USP33 regulates p53‐dependent DNA damage response. (A) DNA damage enhances p53 protein level in cells. (B) DNA damage increases the interaction between GFP‐USP33 and p53. (C) The interaction between endogenous USP33 and p53 was enhanced by CPT. (D) Knocking down of USP33 abolished the decreased of K48 ubiquitination of p53 induced by CPT. (E) Knocking down of USP33 inhibits the increases of p53 induced by DNA damage. (F) Knocking down of USP33 inhibits the increases of p21 induced by DNA damage. (G) Knocking down of USP33 inhibits cell cycle arrest. (H) Knocking down of USP33 inhibits apoptosis. (I) USP33 regulates apoptosis depend on p53. Data were showed as mean ± standard error of mean (SEM) from at least three independent experiments.
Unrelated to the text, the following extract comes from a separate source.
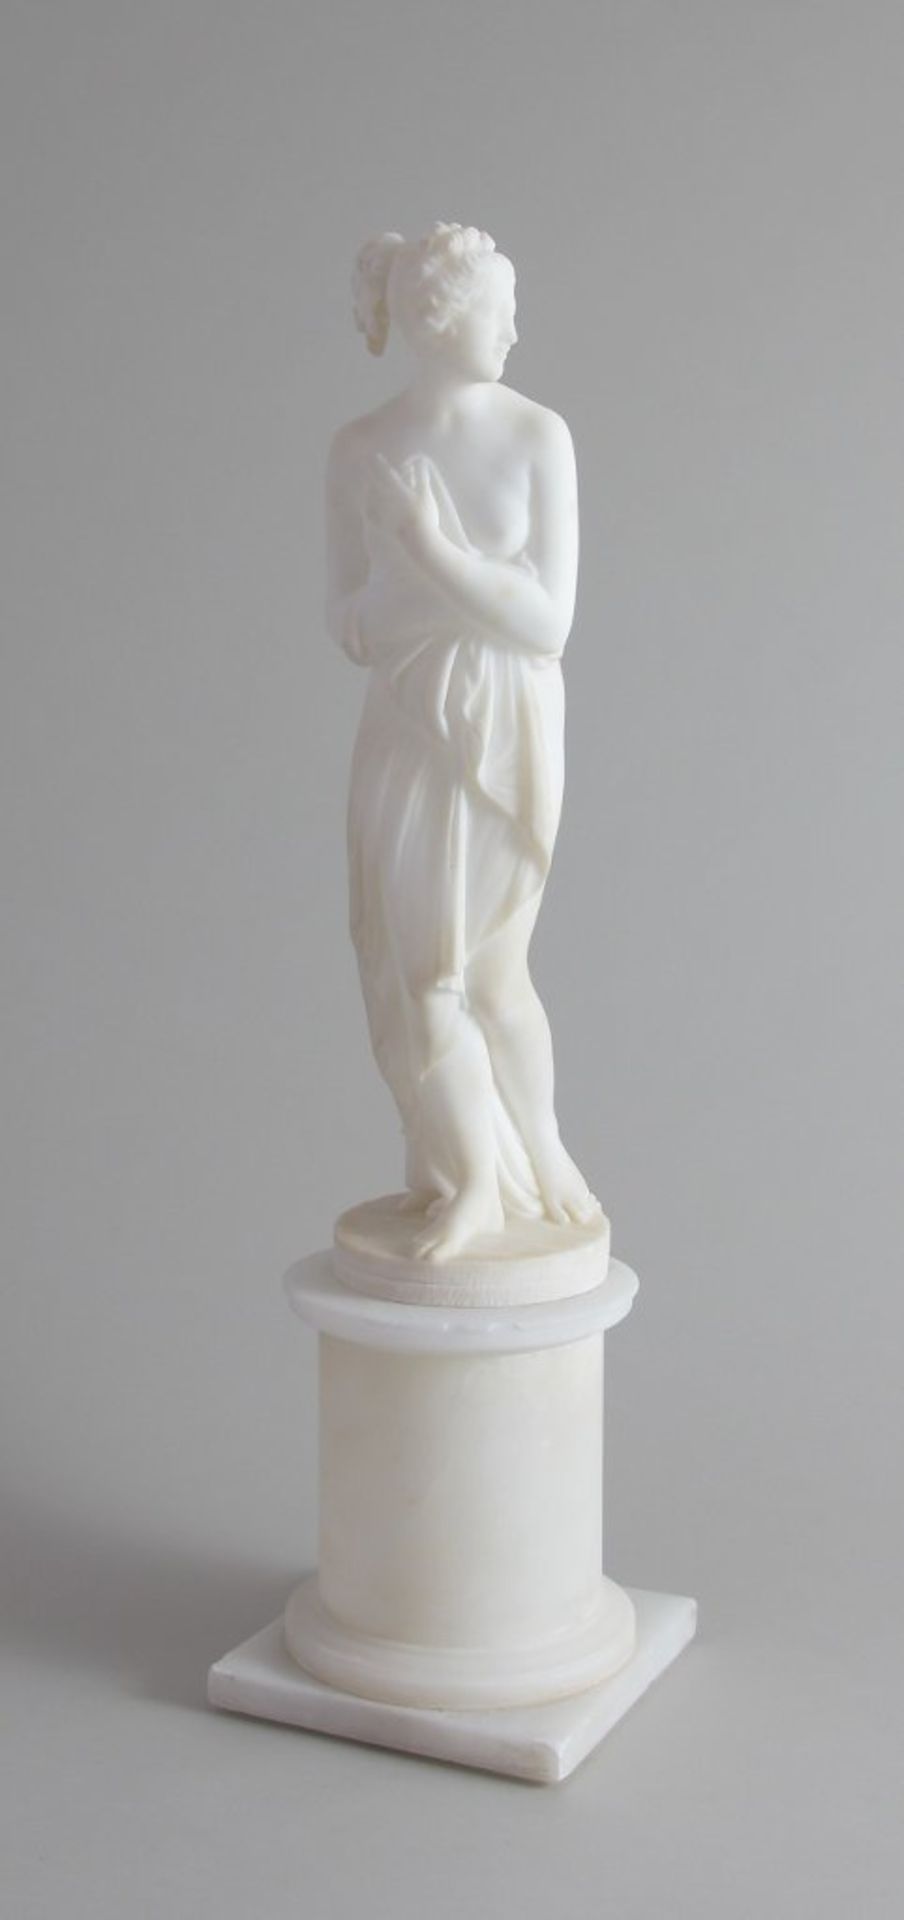 Stehender weiblicher Akt nach antikem Vorbild. Alabasterfigur auf Plinthensockel. Italien, 19. Jh. H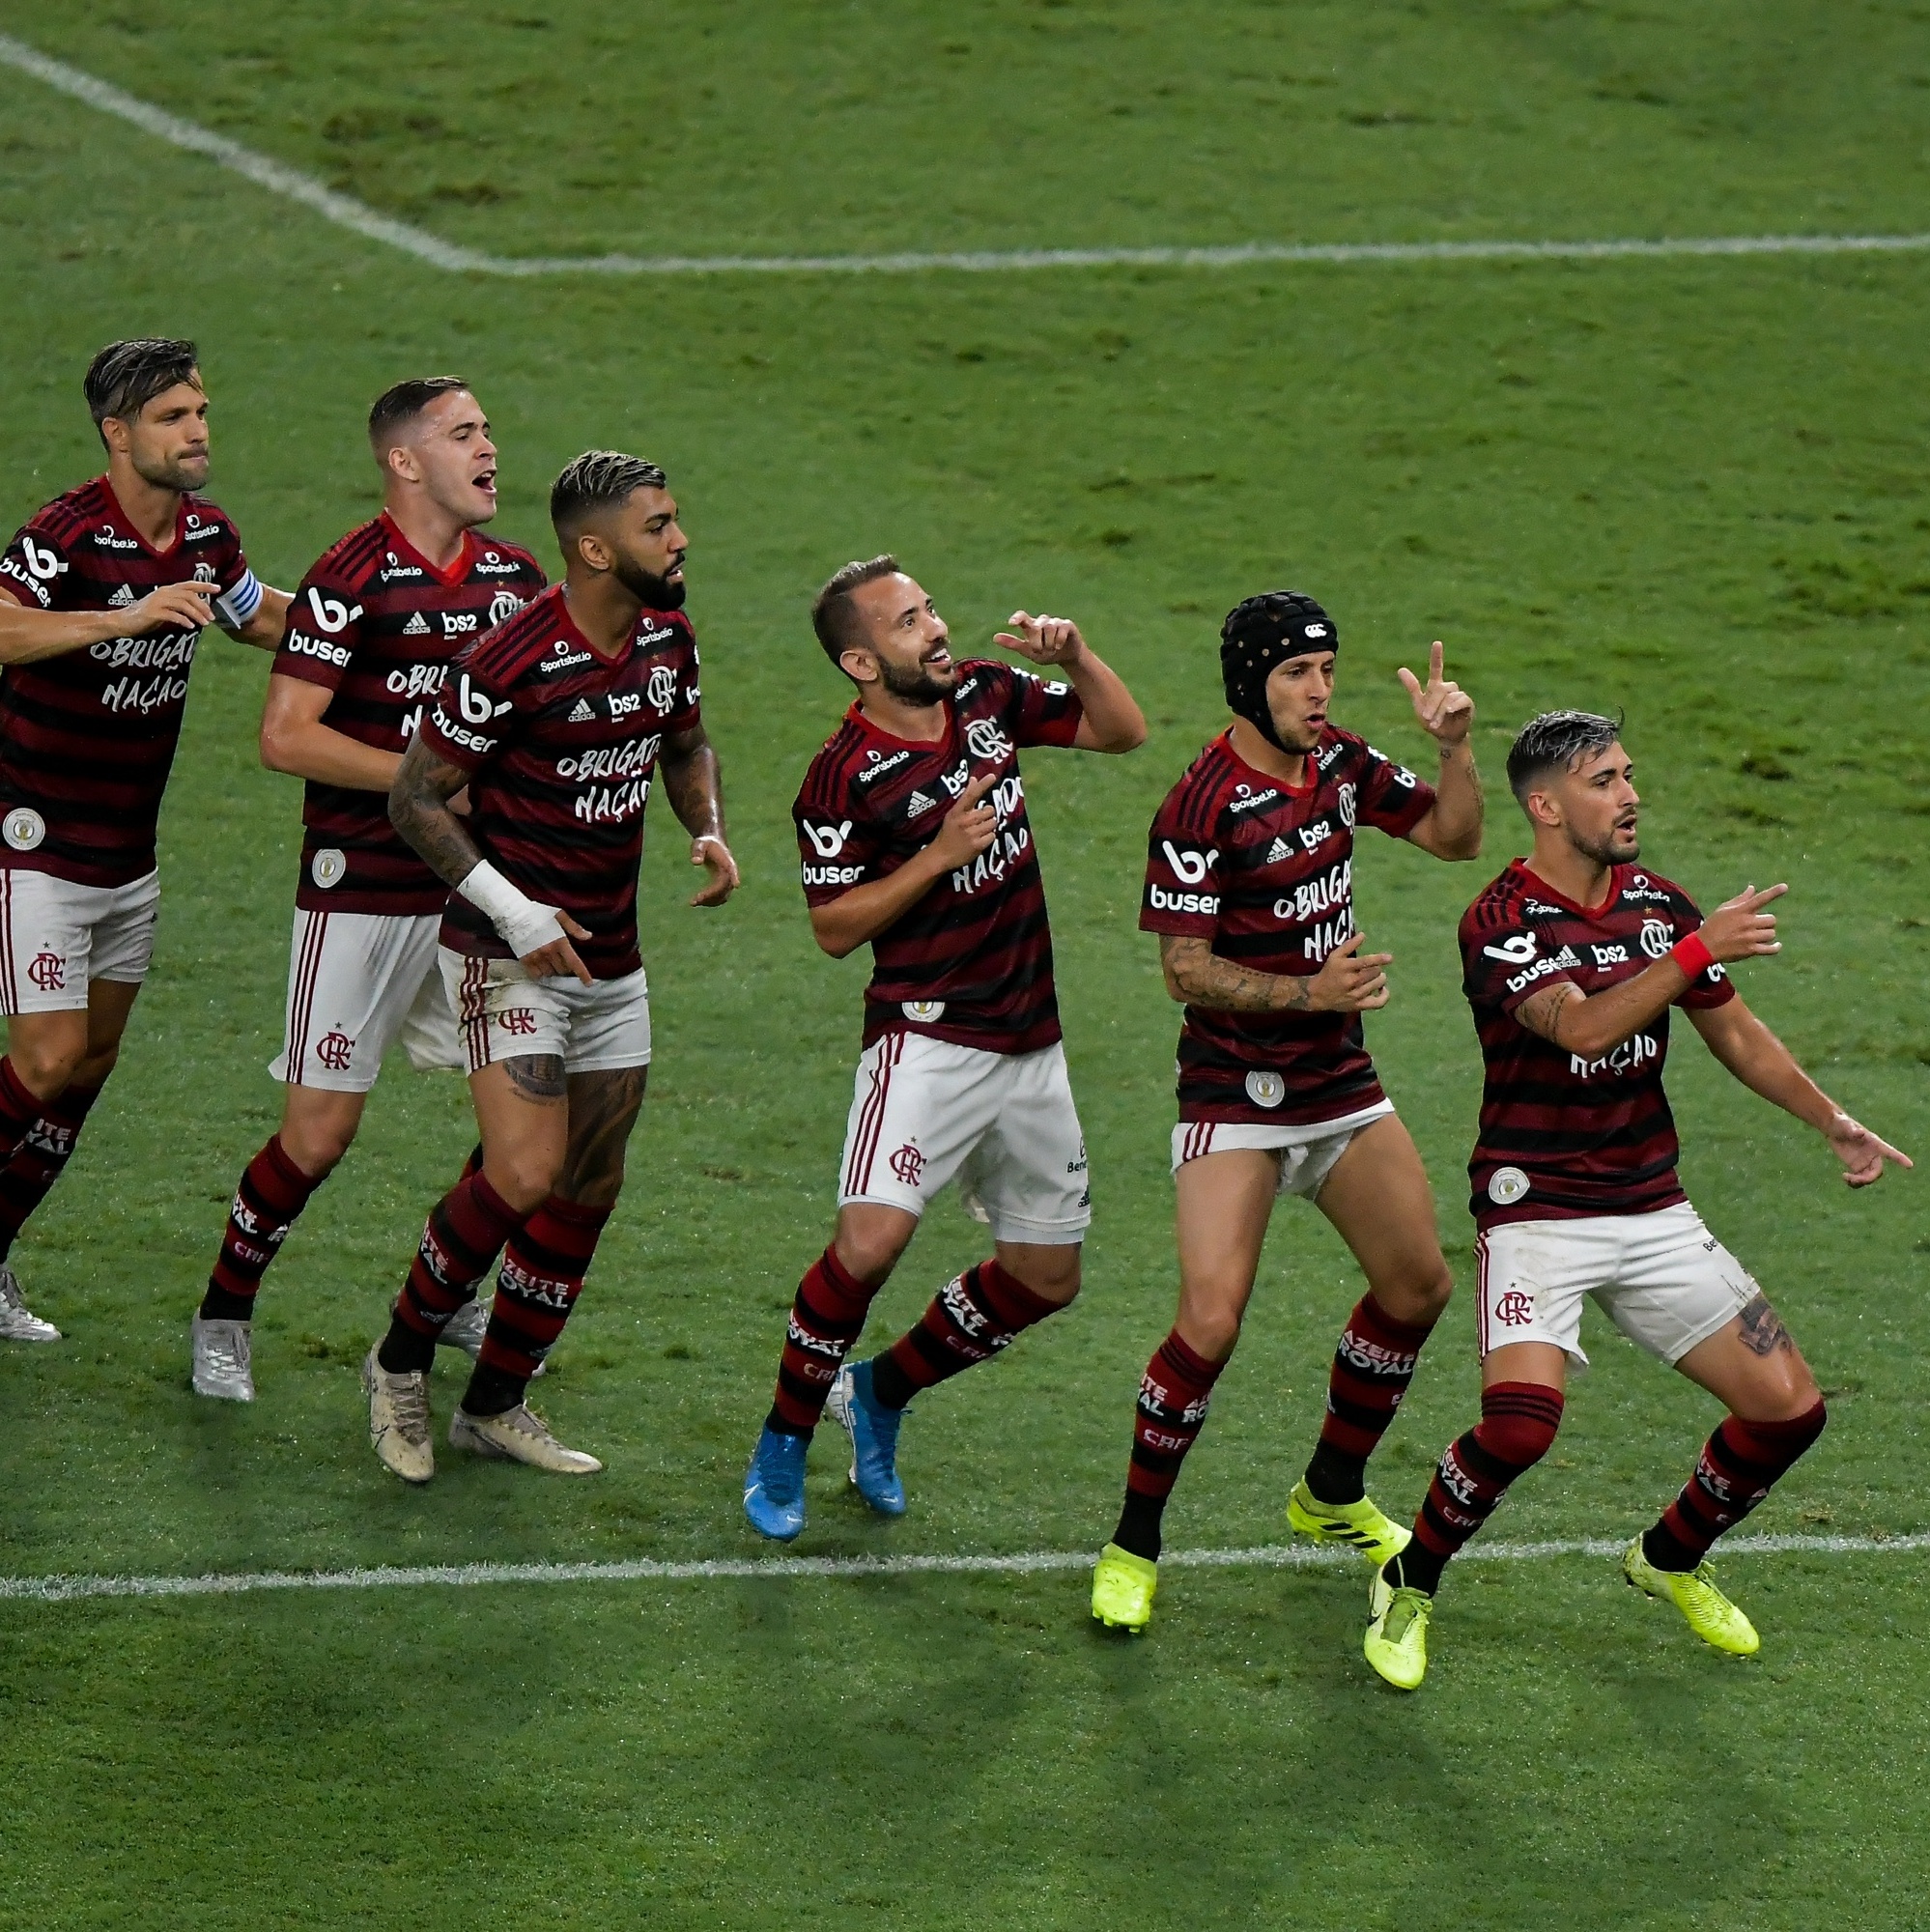 Brasileirão Série A: Quais times nunca caíram e histórico do rebaixamento

Statistical analysis by one‐way or two‐way ANOVA. *p ≤ 0.05, **p ≤ 0.01.

FIGURE 4

USP33 regulates cell proliferation and DEN‐induced hepatocarcinogenesis. (A) Knocking down of USP33 by shUSP33‐1 + shUSP33‐2 enhances cell proliferation in BEL7402 cells. (B) Comparison of subcutaneous tumours induced in nude mice by subcutaneous injection with BEL7402 cells from two groups. (C) Tumour weight in nude mice injected with BEL7402 cells from two groups. (D) Knocking down of USP33 inhibits cell proliferation in PLC/PRF/5 cells. (E) Comparison of subcutaneous tumours induced in nude mice by subcutaneous injection with PLC/PRF/5 cells from three groups. (F) Tumour weight in nude mice injected with PLC/PRF/5 cells from three groups. (G) hepatocyte‐specific USP33 knockout decreases p53 level in liver tissues. (H) Number of visible liver tumours of liver tumours. (I) Representative images of liver tumours in the USP33 WT, Heterozygous (H) and HKO mice after DEN injection. (J) Representative images of H&E stained liver. Data were showed as mean ± standard error of mean (SEM) from at least three independent experiments. Statistical analysis by t‐test, one‐way or two‐way ANOVA. *p ≤ 0.05, **p ≤ 0.01.

FIGURE 5

A mechanism of regulation of USP33‐coupled p53 ubiquitination and activation in DNA damage response. USP33 deubiquitinates p53 and regulates its stability, and moreover, DNA damage can stabilise p53 through enhancing its association with USP33, leading to a strong DNA damage response (DDR). However, USP33 deficiency results in defective DDR, facilitating DEN‐induced hepatocarcinogenesis in hepatocyte‐specific USP33 KO mice.